= Association cortex =

Part of the cerebral cortex

The association cortex is a part of the cerebral cortex that performs complex cognitive functions. Unlike primary sensory or motor areas, which process specific sensory inputs or motor outputs, the association cortex integrates information from various sources to support higher-order cognitive processes. This integration allows for complex functions such as perception, language, and thought. Therefore, species that possess large amounts of association cortex tend to show advanced reasoning skills.
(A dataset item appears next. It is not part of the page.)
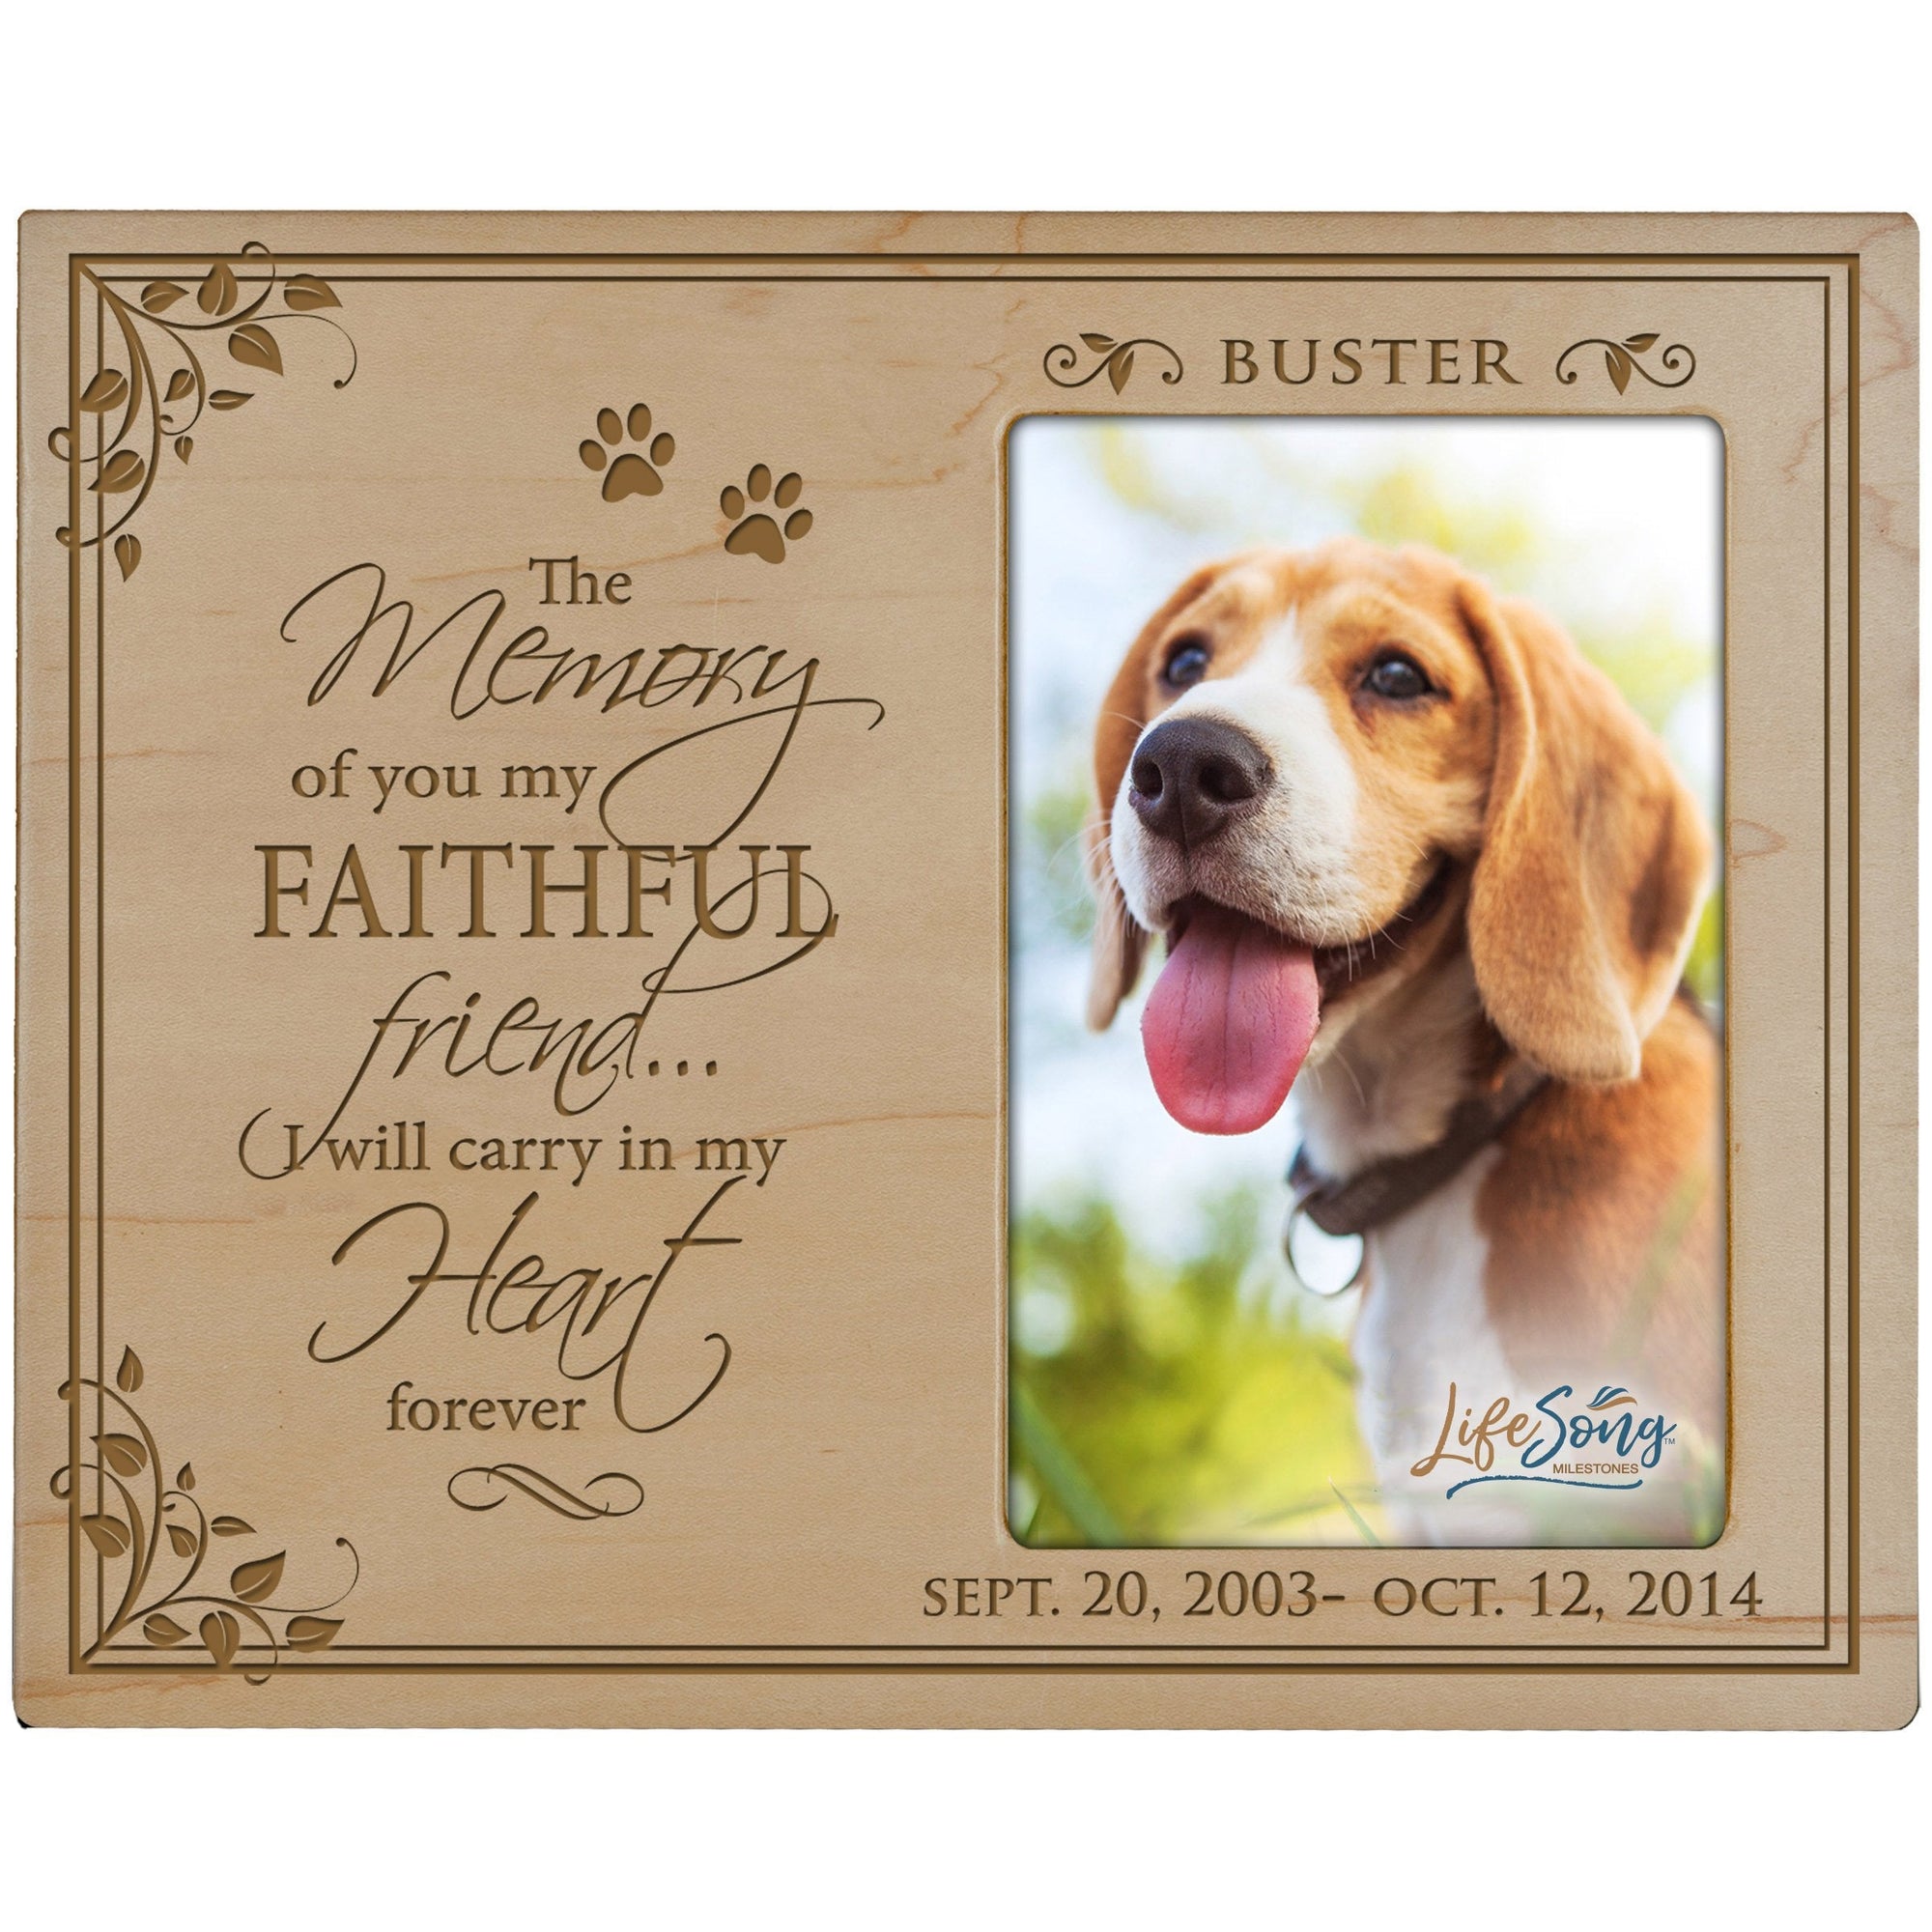 8x10 Maple Pet Memorial Picture Frame with the phrase "In Memory of You My Faithful Friend"

The association cortex is generally divided into unimodal and heteromodal (or polymodal) areas, which process either a single sensory modality or multiple modalities, respectively.

==Types==
- Unimodal association cortex: This area receives input from a single sensory modality. The output from the unimodal cortex is largely to unimodal areas. For example, the visual association cortex in the occipital lobe processes visual information, and the auditory association cortex in the temporal lobe processes auditory information.
- Heteromodal (polymodal) association cortex: This area integrates information from multiple sensory modalities. It plays a critical role in higher cognitive functions, including attention, memory, language, and conscious thought. Heteromodal association cortex is hypothesised to be selectively involved in the neuropathology of schizophrenia.

==Examples in humans==
- Anterior association area: Located in the prefrontal cortex. This area is important in memory and planning.
- Posterior association area: Located in the posterior parietal lobe. This area plays an important role in perception and language. Damage to this area can result in agnosia.
- Limbic association area: Located in the anterior-ventral portion of the temporal lobe, this area links emotion with sensory inputs.